1. Health care reimbursement: As we have explained in the past, the Affordable Care Act has essentially prohibited employers from reimbursing individual employee health insurance premiums, as well as reimbursing the out-of-pocket medical costs of employees. The penalty on the employer for violating the so-called "market reforms" is horrific ($100 per employee per day), so the short answer is that employers can not consider any reimbursement of health care costs for employees. An alternative is to provide health insurance as an employer, but that may be too costly with such a small group. Another possibility is that you may meet the "one employee" exception for reimbursements, but you will need your tax adviser to assist with whether your part-timers can be excluded.

2. 1099s for mileage: If the mileage you are reimbursing is simply the employee traveling between home and your workplace, it is not a tax-free benefit and your present approach of putting those reimbursements into income is proper. However, if these individuals are W-2 employees, the additional mileage reimbursements for commuting should be added to Form W-2 as additional wages rather than separately reported on a Form 1099. The reimbursement is additional compensation; this will cost both you and the employee more in Social Security taxes.

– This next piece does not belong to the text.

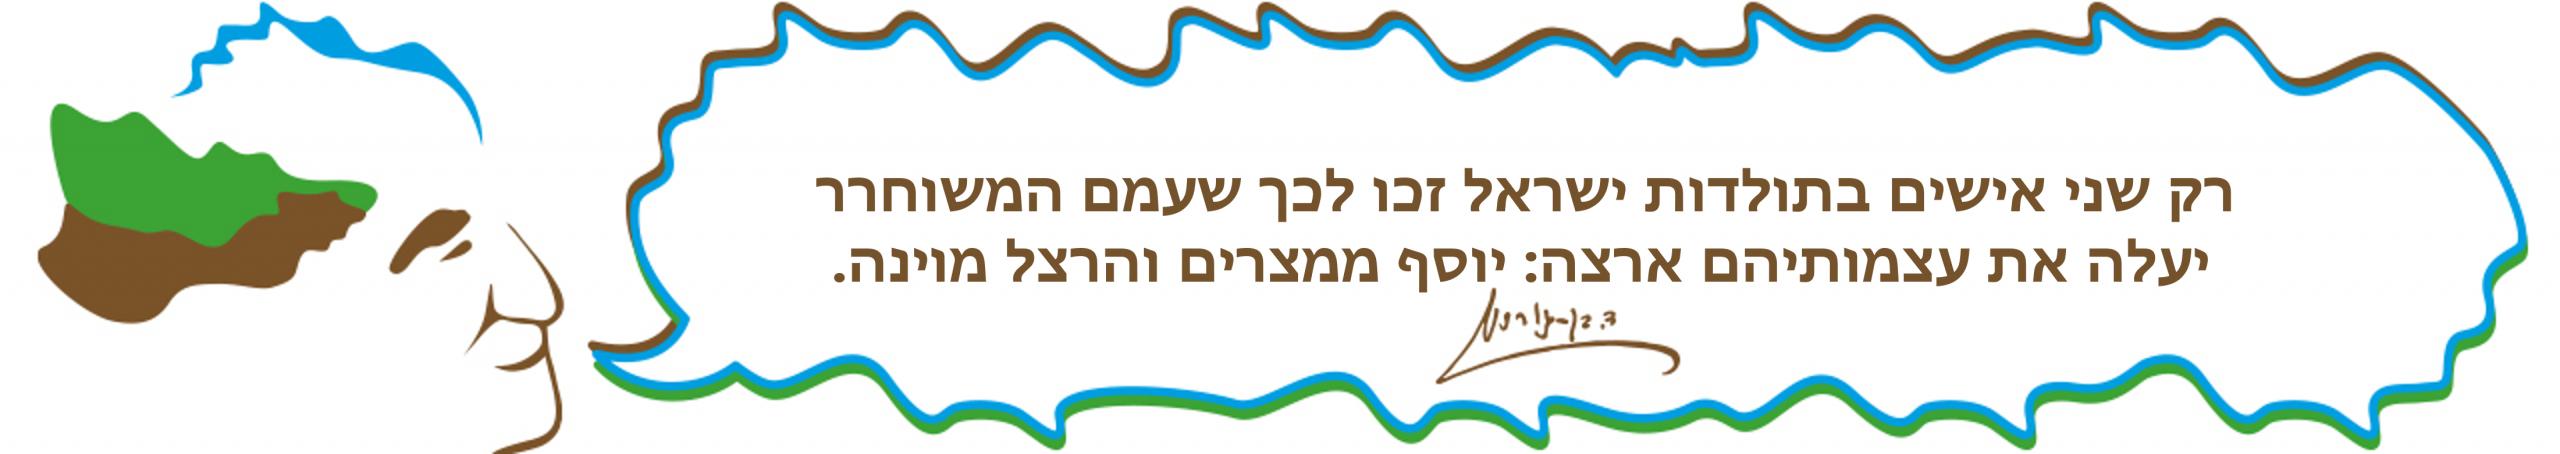 רק שני אישים בתולדות ישראל זכו לכך שעמם המשוחרר יעלה את עצמותיהם ארצה יוסף ממצרים והרצל מוינה

However, mileage can be a tax-free reimbursement if it is in connection with duties during their work day that are business-related. If you are reimbursing mileage for your employees to use their vehicle in moving between various farm work locations, it is a tax-free reimbursement. Similarly, if you send them into town for farm parts or supplies, there is no need to treat those reimbursements as income, assuming that you are reimbursing no more the annual IRS mileage rate amount ($.54 per mile for 2016).

3. Work in hog finishing barns: If I understand your situation, the employees work for an LLC involved in some farming activity (e.g. grain production) that takes most of their time. However, on occasion, they work in hog finishing barns, presumably in another entity that you own, such as another LLC or an S corporation. For their labor in the hog barns, you issue a 1099.

Unfortunately, the IRS holds the view that it is only in exceptional and narrow circumstances that an individual can be an employee of the payor for one situation and an independent contractor with respect to that same payor for other services. Presumably, these workers are under your direction and control for both business activities. If so, your risk is that an IRS exam is likely to assert that the hog subcontract work belongs on a W-2. As a result, as the employer you are delinquent with respect to payroll taxes. This is a costly assessment, because the employer is then responsible for both employer and employee Social Security taxes, and also subject to payroll tax delinquency penalties.

Employer vs. independent contractor determinations are not easy questions. All of the facts of the working relationship need to be considered. I would advise visiting with an experienced tax professional who can walk through the factors that the IRS uses in making these determinations, and help you properly categorize your workers' status before the IRS appears and raises financial havoc.